(Given material Opens)
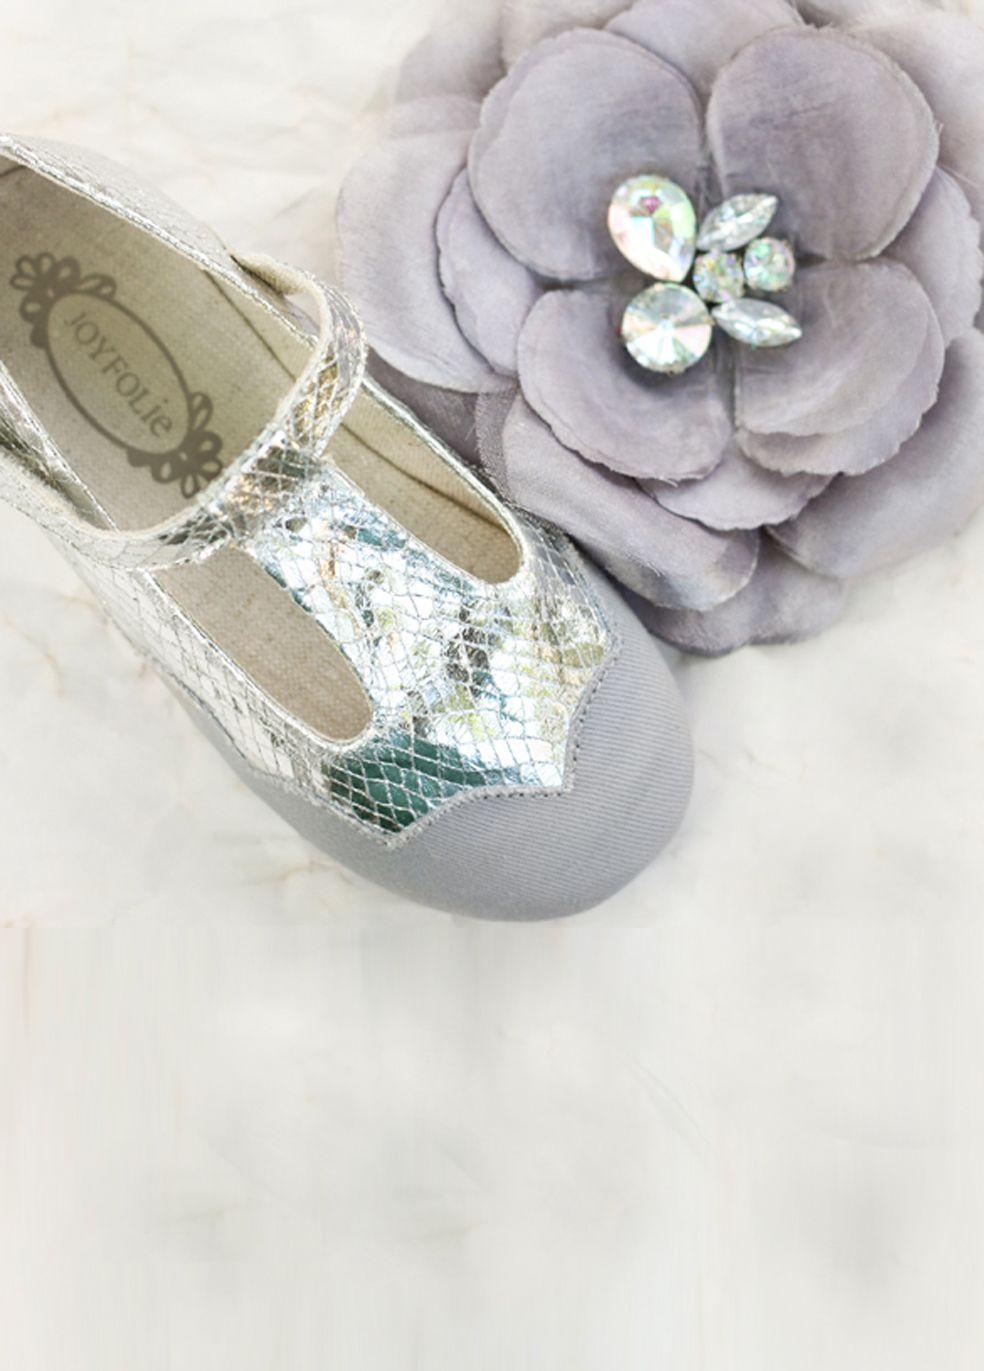 Designer childrens shoes by Joyfolie Luna Shoes for girls
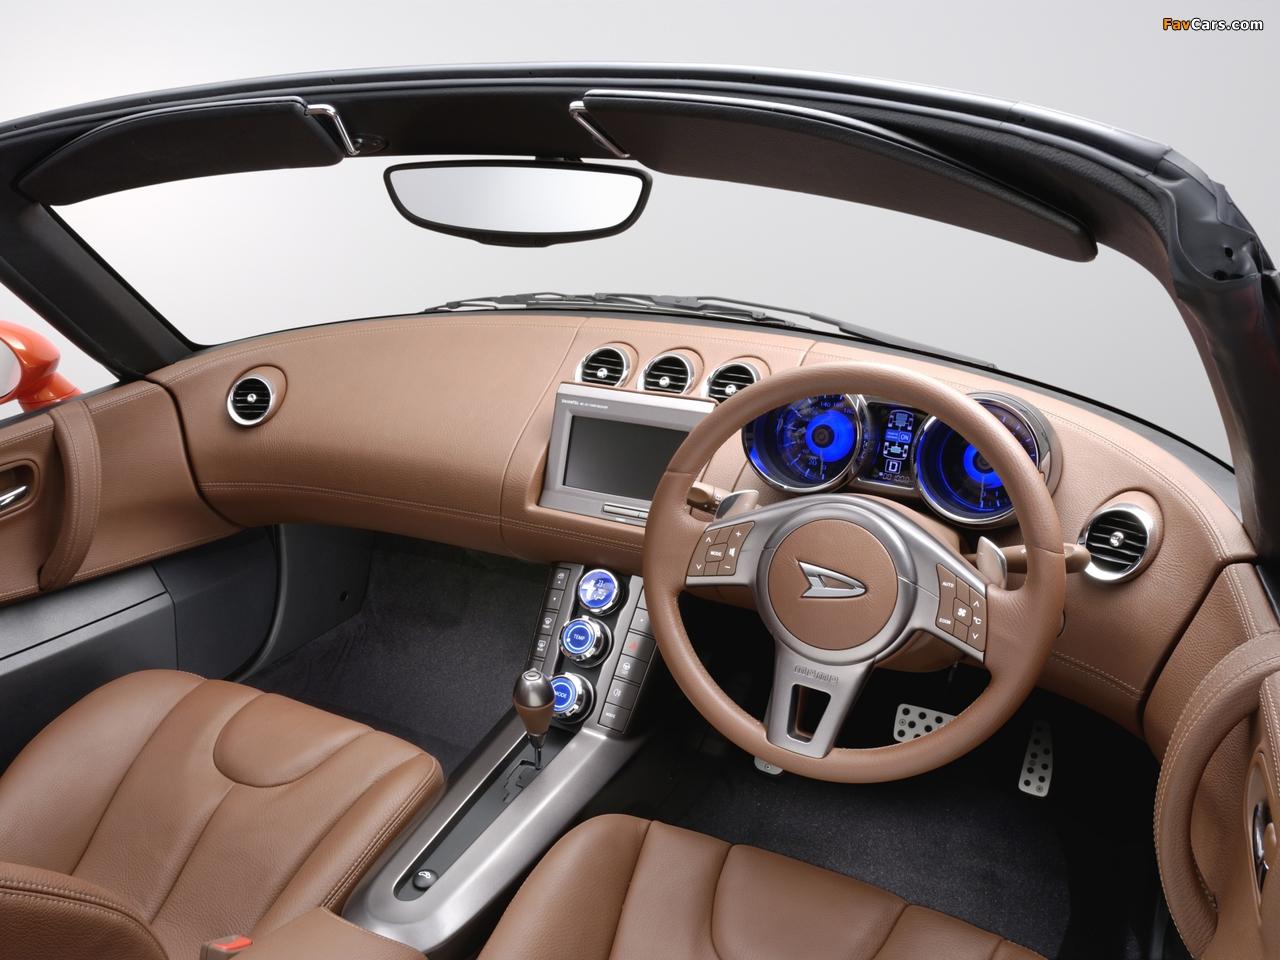 Daihatsu HVS Concept 2005 pictures (1280 x 960)
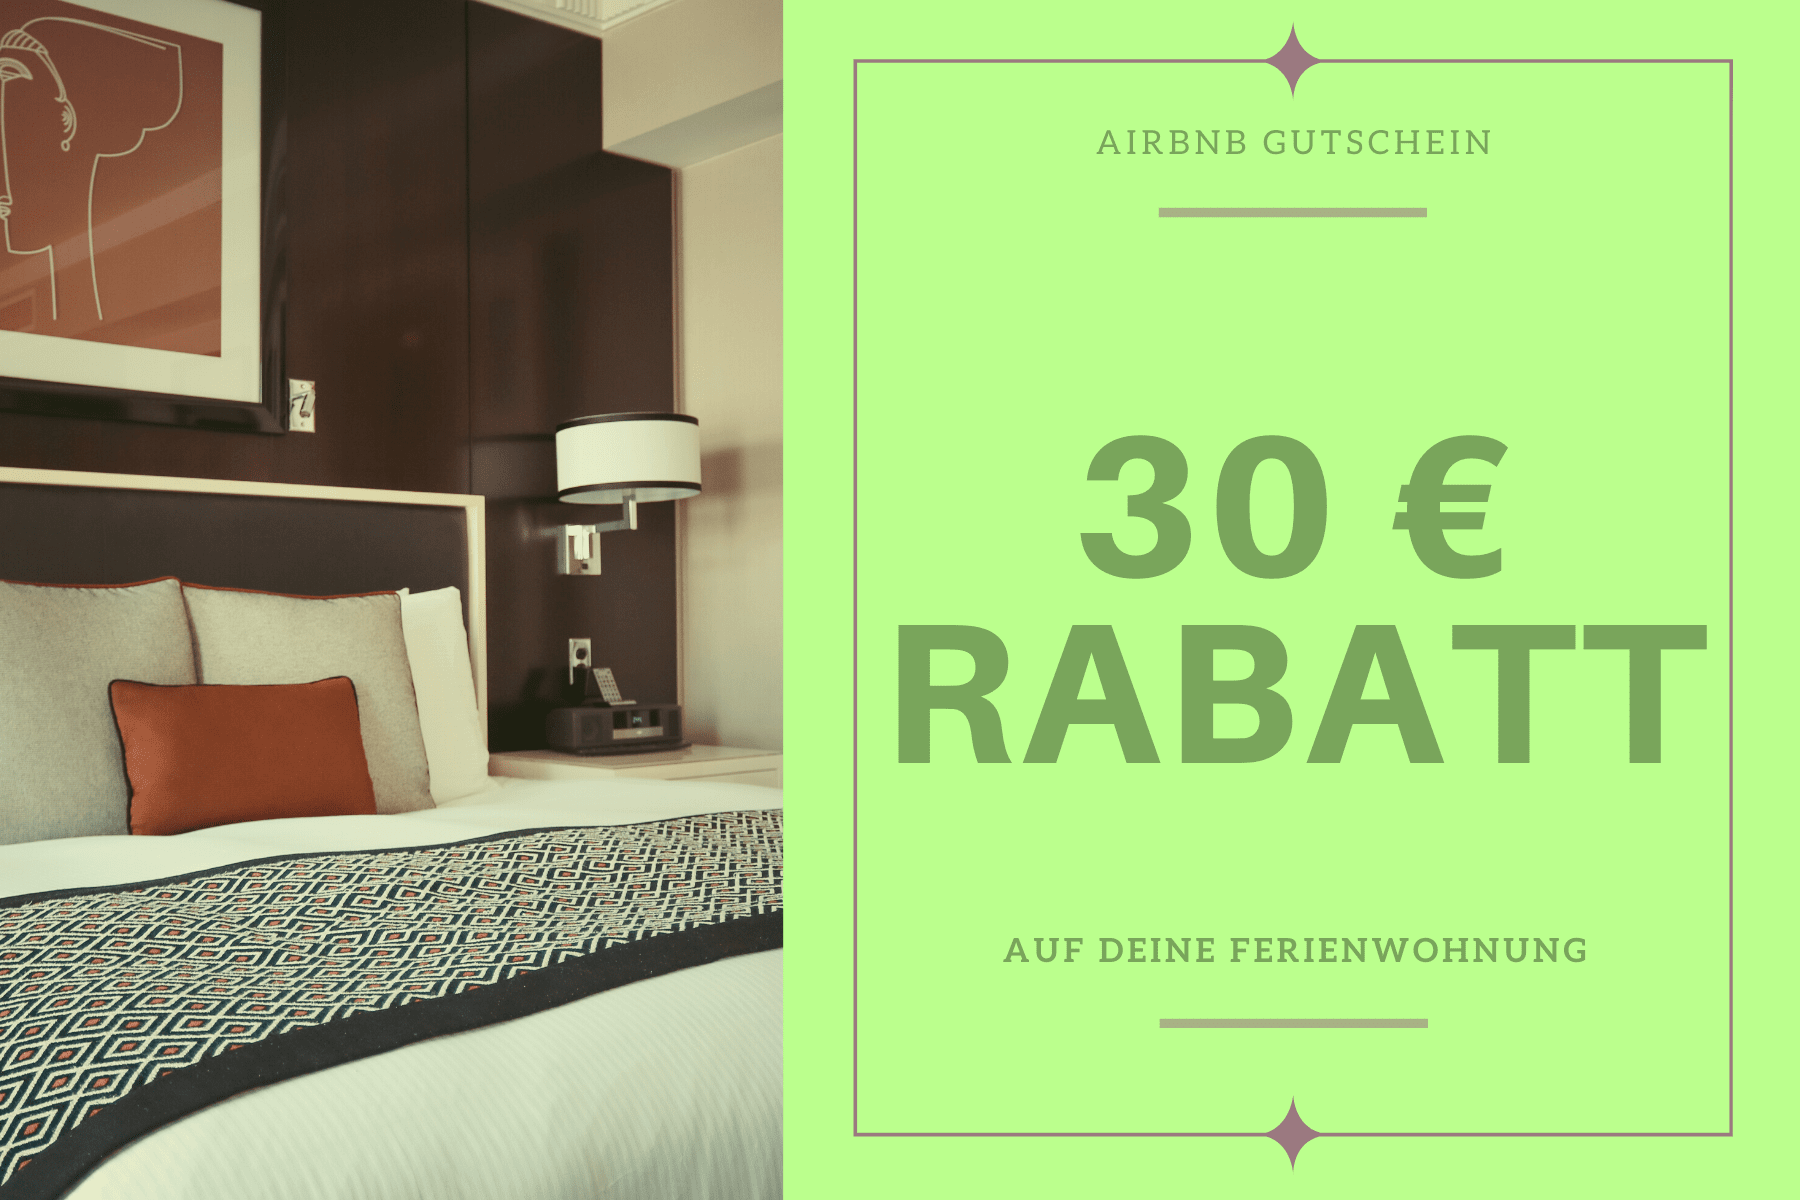 Airbnb Gutschein Rabatt
(Given material Closes)
→ **Prompt**
Give back exactly the lines from the one that contains "Daihatsu HVS Concept" to the final line of the data above, both included, with all pictures removed.

→ **Answer box**
 Daihatsu HVS Concept 2005 pictures (1280 x 960)
 Airbnb Gutschein Rabatt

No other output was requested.